St Peter’s, comme on l’appelle, dans la ville suédoise méridionale de Klippan, est depuis son achèvement en 1966 devenu un objet de vénération pour les architectes du monde entier. En Grande-Bretagne, Lewerentz a inspiré une génération pour qui la poésie de l’architecture vient avant tout des faits et des actions de construction, à l’écart de la pose de briques ou de la fixation du verre sur une ouverture. Adam Caruso et Peter St John, par exemple, qui ont remporté le prix Stirling 2016 pour la Newport Street Gallery de Londres, conçu pour Damien Hirst, ont une dette importante et reconnue. Leur admiration ressemble à celle des musiciens pour ceux qui ont une connaissance approfondie de leurs instruments – ils aiment voir les outils de leur métier honorés.

L’église Saint-Pierre de Lewerentz, Klippan, construite 1962-66 : « un objet de vénération ». Photographie : Johan Dehlin

Tous ceux qui connaissent son travail s’accordent à dire que Lewerentz était un artisan. Il se rendait quotidiennement sur le chantier de construction de Saint-Marc dans la banlieue de Stockholm à Björkhagen, une église qu’il avait réalisée juste avant Saint-Pierre, discutant de chaque détail avec les constructeurs. Il a interdit la pratique courante de couper des briques pour les faire s’adapter à un emplacement donné, insistant sur le fait qu’elles restent entières, une règle qui nécessite de la prévoyance et de l’habileté à suivre. Il a travaillé avec des briqueteries pour obtenir exactement le ton et la finition qu’il voulait sur leurs produits. Il avait un sens puissant de l’éclat sur un rail de bronze ou d’un abat-jour en cuivre ou la netteté des ombres d’une moulure classique. Il a inventé de nouvelles façons de fabriquer des fenêtres et des portes à ossature d’acier et a créé une entreprise pour les fabriquer.

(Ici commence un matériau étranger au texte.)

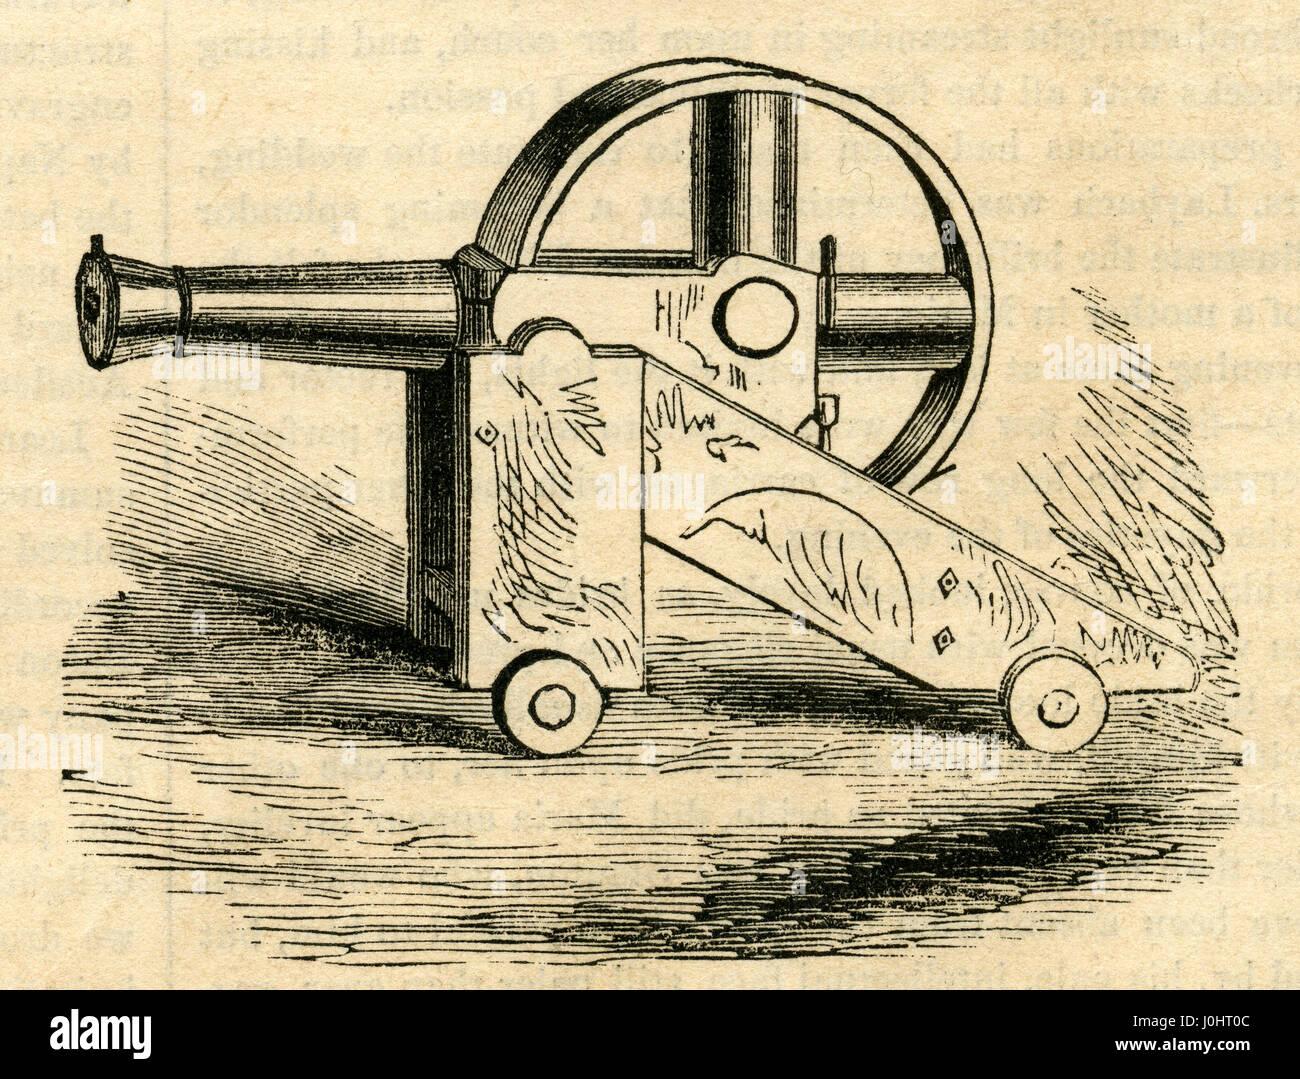 Antique 1854 engraving, 'Cochran's Revolving Cannon.' Cochran's revolving cannon was to have made - Stock Image

Il est également largement admis qu’il était dans un certain sens spirituel, mais c’est une qualité qui peut prendre plusieurs formes. Comme d’ailleurs l’artisanat. Et au-delà de leur reconnaissance de sa spiritualité et de son art, les architectes choisissent leur propre version de Lewerentz. Pour certains, il s’agit des ombres profondes de ses églises, d’où émergent des zones de lumière. Pour d’autres, c’est son expression dans l’architecture de l’expérience religieuse moderne. Un ou deux se concentrent sur la nouvelle vie qu’il a donnée aux détails classiques anciens dans ses premières conceptions.

« Tous ceux qui aiment le travail de Lewerentz ont l’impression de le découvrir pour la première fois », explique Kieran Long, directeur d’ArkDes à Stockholm. Cette institution, qui est le centre national suédois pour l’architecture et le design, présente maintenant une exposition impressionnante, son installation conçue par Caruso St John. Avec 550 pièces tirées des archives d’ArkDes de plus de 13 000 objets liés à Lewerentz, et accompagnées d’un livre de 700 pages, elle ne peut que multiplier le nombre d’interprétations possibles.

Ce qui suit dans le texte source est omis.